Let $\mathrm{x}$ nuts and $\mathrm{y}$ bolts are produced.


Machine $A$ is used for $\mathrm{x} \times 1+\mathrm{y} \times 3$ hours, Maximum time avaliable $=12$ hours,
$$
\therefore \quad \mathrm{x}+3 \mathrm{y} \leq 12
$$
Machine $B$ is used for $3 \times x+1 \times y$ hours.
Maximum time avaliable $=12$ hours
$$
\Rightarrow 3 \mathrm{x}+\mathrm{y} \leq 12
$$
Profit function $\mathrm{Z}=(17.50) \times \mathrm{x}+(7.00) \mathrm{y}$. Thus the objective function $Z=17 \cdot 5 x+7 y$, subject to constraints are $x+3 y \leq 12$, $3 x+y \leq 12$ and $x, y \leq 0$
(i) The line $\mathrm{x}+3 \mathrm{y}=12$ passes though $\mathrm{A}(12,0), \mathrm{B}(0,4)$
Putting $x=0, y=0$ in $x+3 y \leq 12$, we get $0 \leq 12$ which is true. $\Rightarrow x+3 y \leq 12$ lies on and below $A B$.

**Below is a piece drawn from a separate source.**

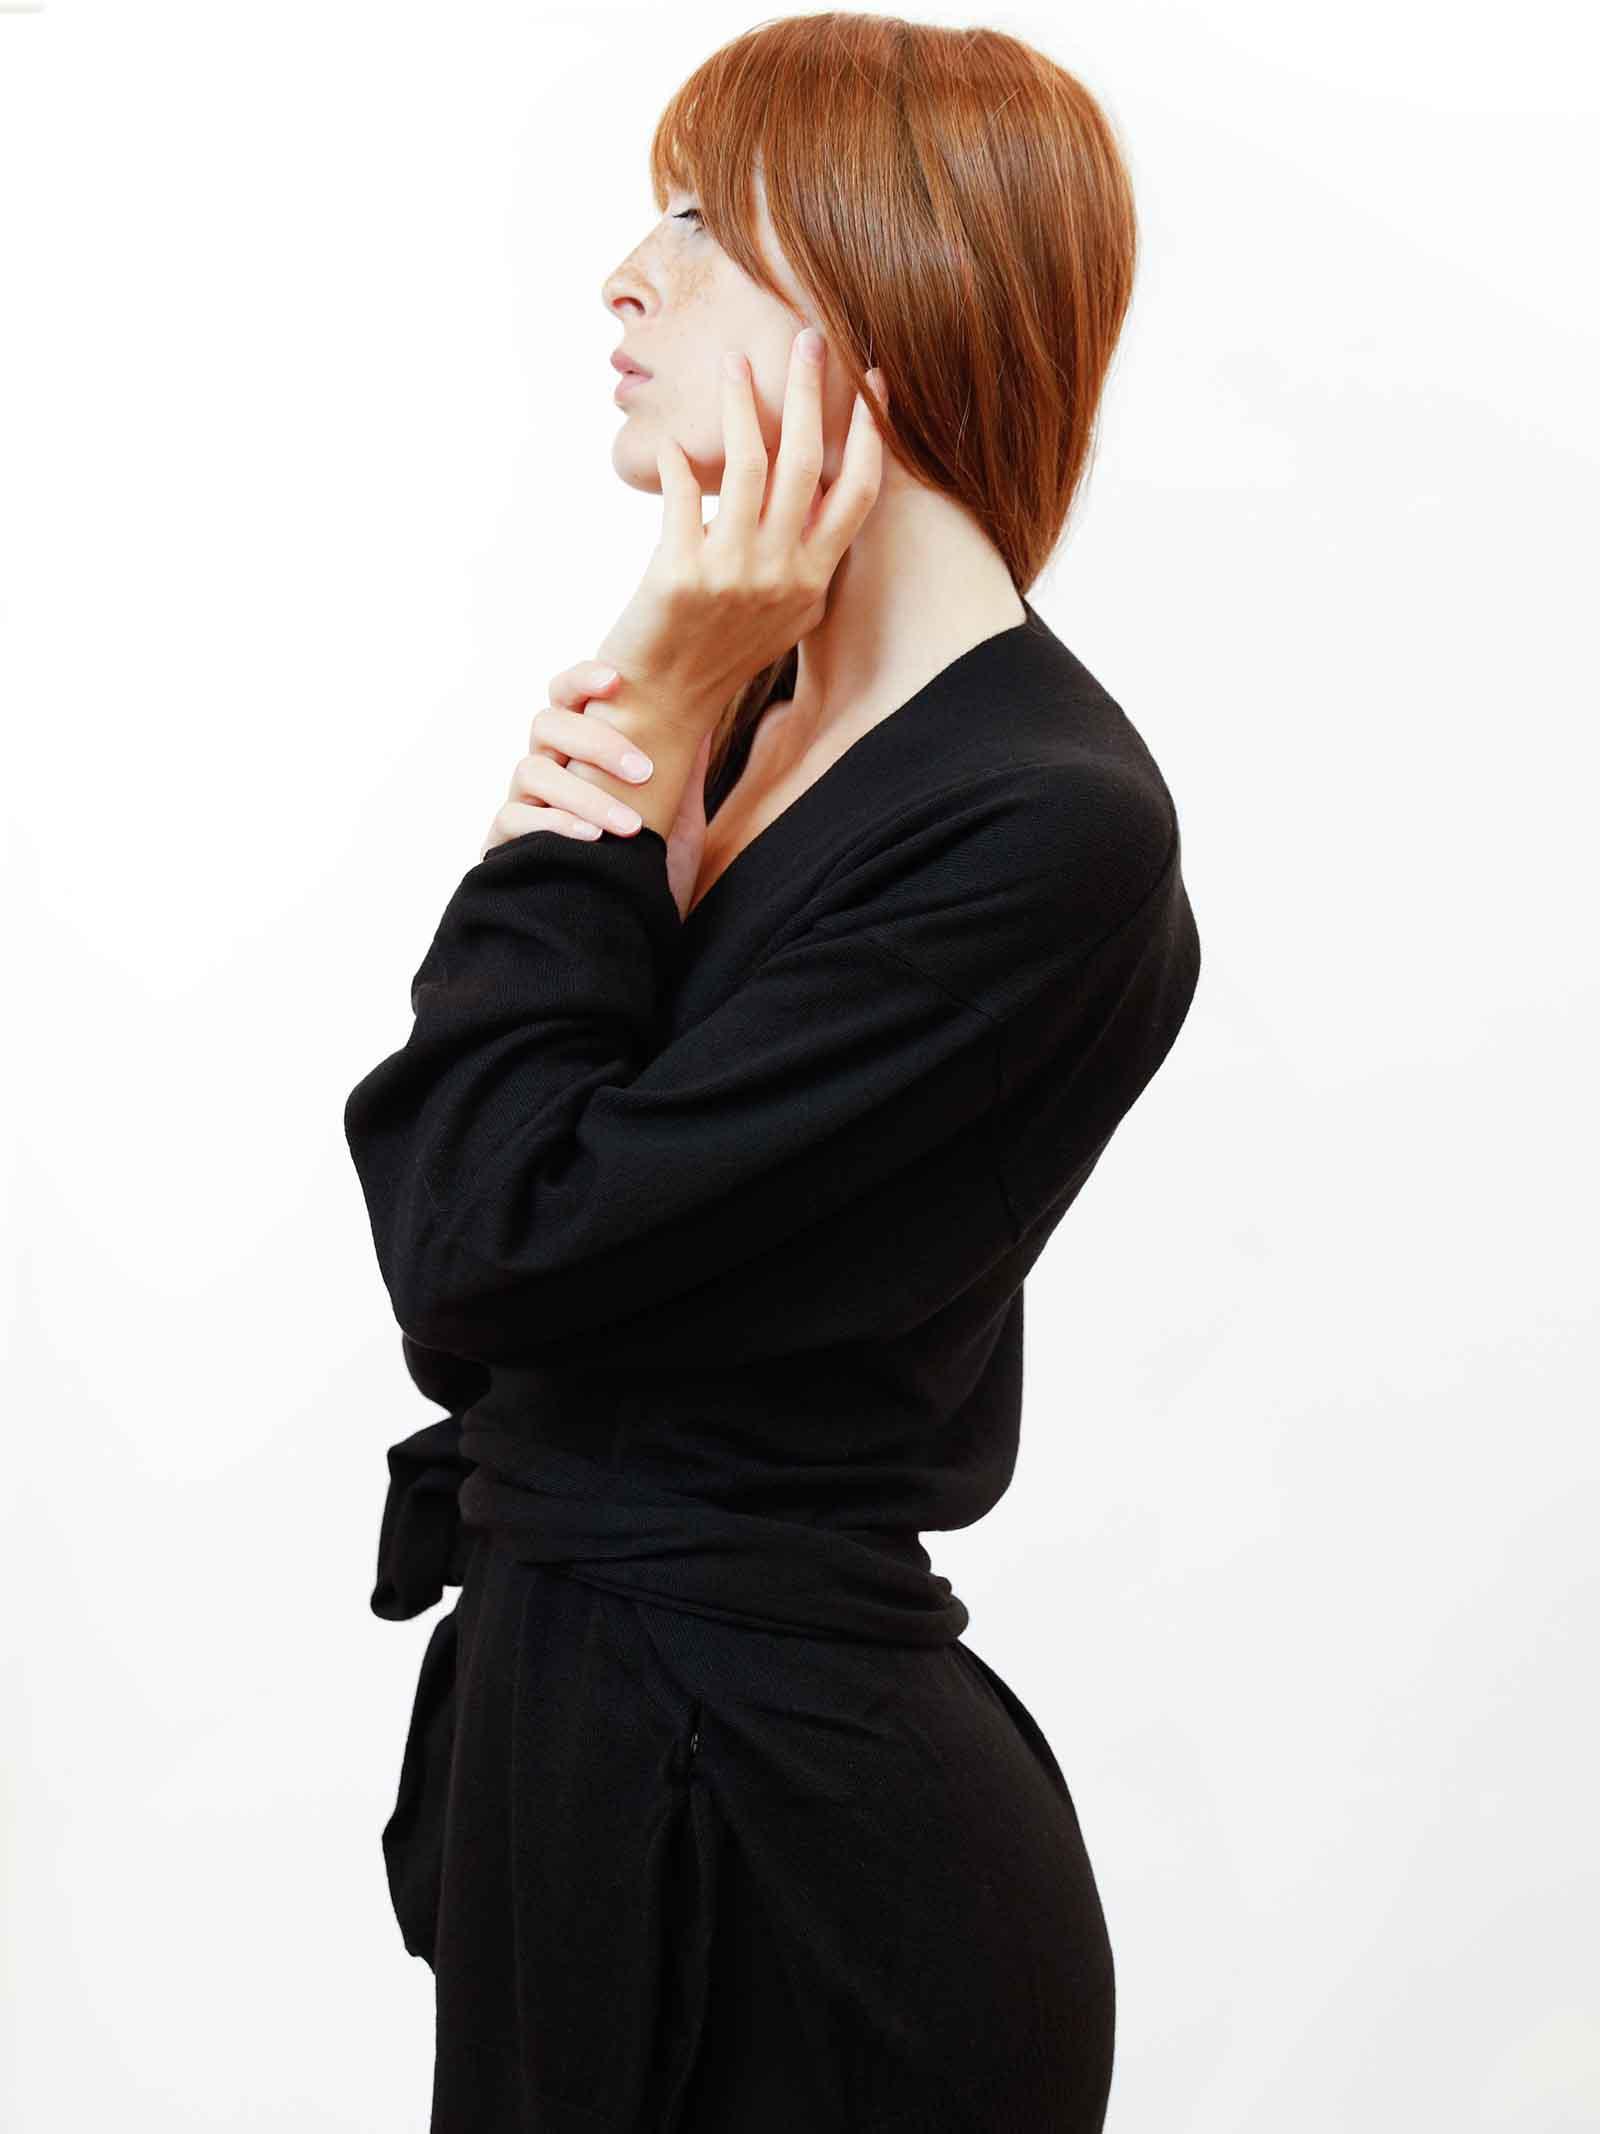 Abbigliamento Donna Cardigan Re-volution in Lana Nera con Cintura in Vita a Tono Maliparmi | Maglieria | JN35847051820000
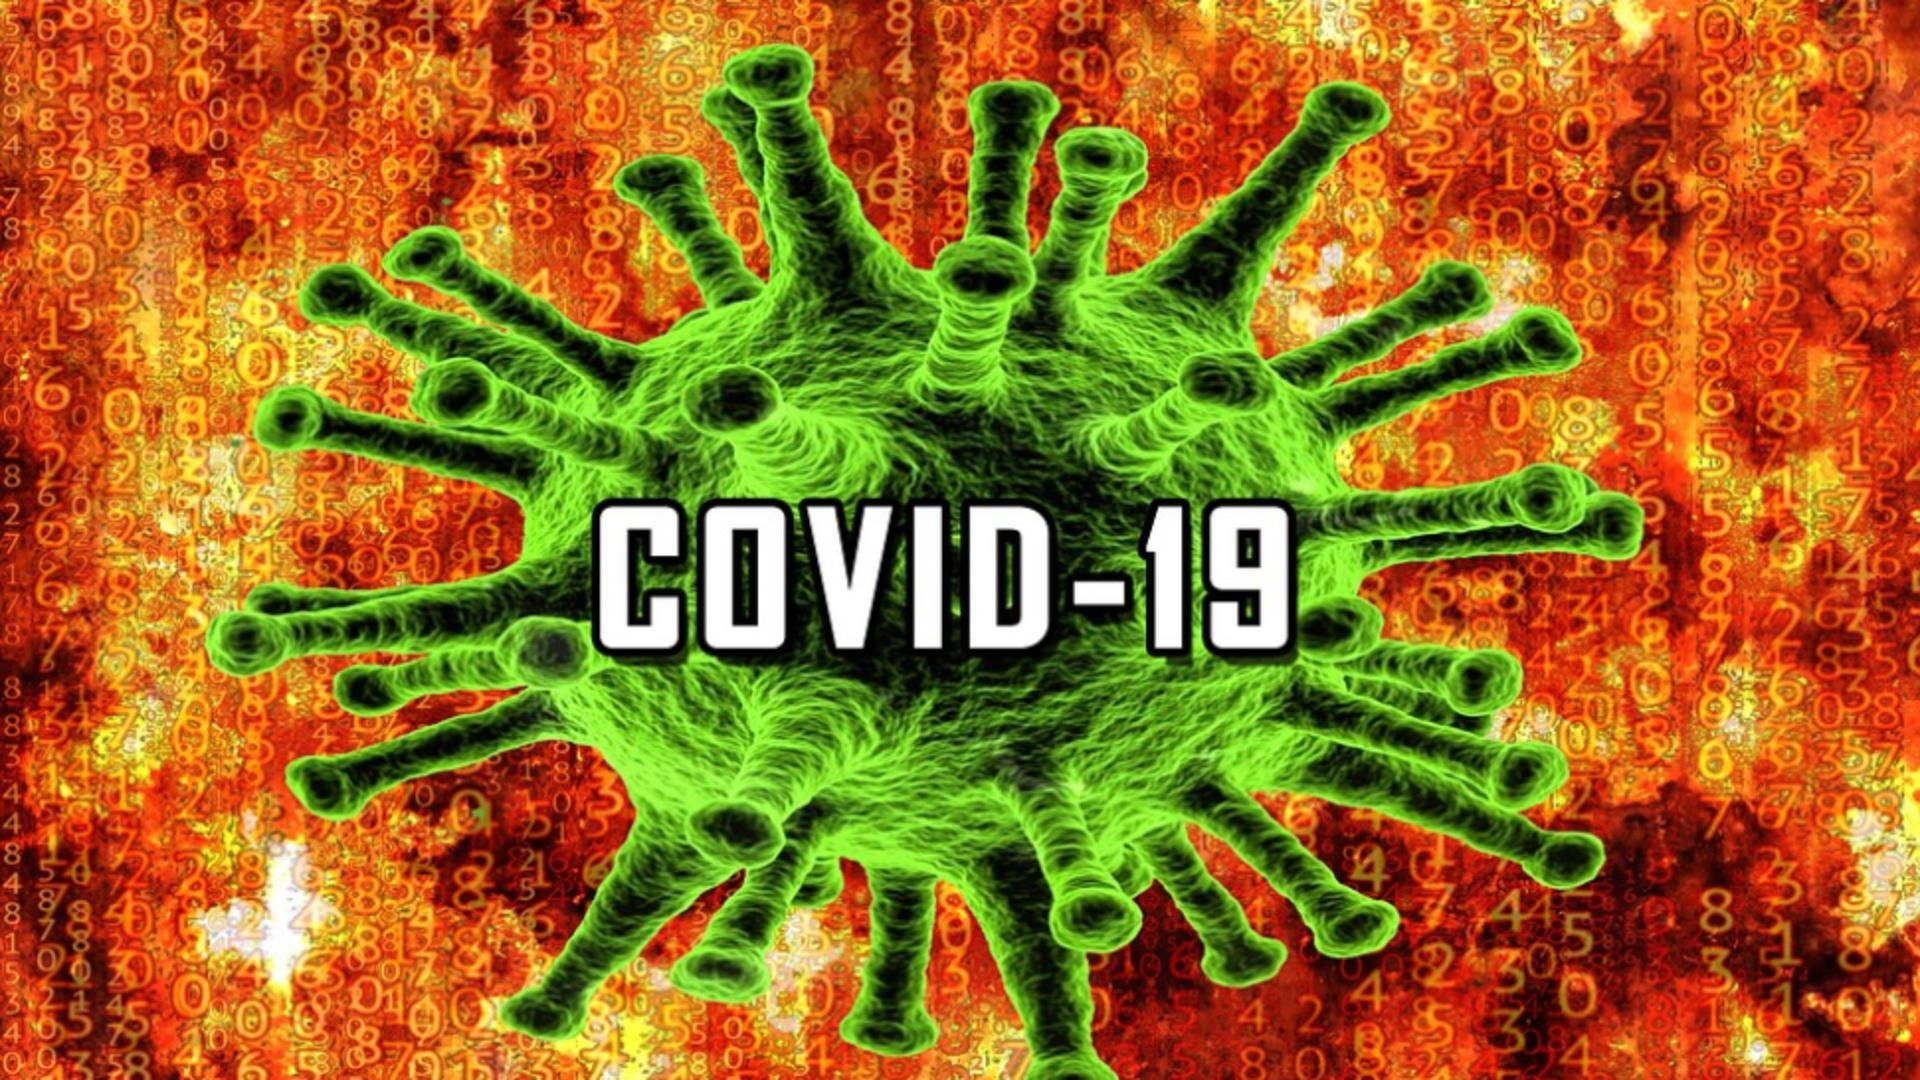 Prognoză sumbră la Ministerul Sănătății: TREI scenarii în următoarele 2 săptămâni - Cel mai GRAV este cu 17.000 de infectări pe zi

(ii) $\mathrm{x}+3 \mathrm{y}=12$ passes thorugh $\mathrm{C}(4,0)$ and $\mathrm{D}(0,12)$ putting $x=0, y=0$ in $3 x+y \leq 12$, we get $0 \leq 12$ which is true. $3 \mathrm{x}+\mathrm{y} \leq 12$ lies on and below $C D$.
(iii) $x \geq 0$ is the region which lies on and to the right of $y$-axis.
(iv) $y \geq 0$ is the region which lies on and above the $x$-axis.
(v) The shaded area $\mathrm{BPCO}$ is the feasible region.
The point $\mathrm{P}$ is the intersection of the lines.
The point $\mathrm{P}$ is the intersection of the lines.
$\mathrm{AB}: \mathrm{x}+3 \mathrm{y}=12$ ....(i)
$\mathrm{CD}: 3 x+y=12$ ....(ii)
Multiplying equ. (i) by 3 and subtracting (ii)
from (i) $8 y=36-12=24, \therefore y=3$
from (i) $x=12-3 y=12-9=3$
$\therefore \quad$ The point $P$ is $(3,3)$ and $z=17 \cdot 5 x+7 y$

Maximum profit is $₹ 73-50$ when 3 nuts and 3 bolts packages are produced.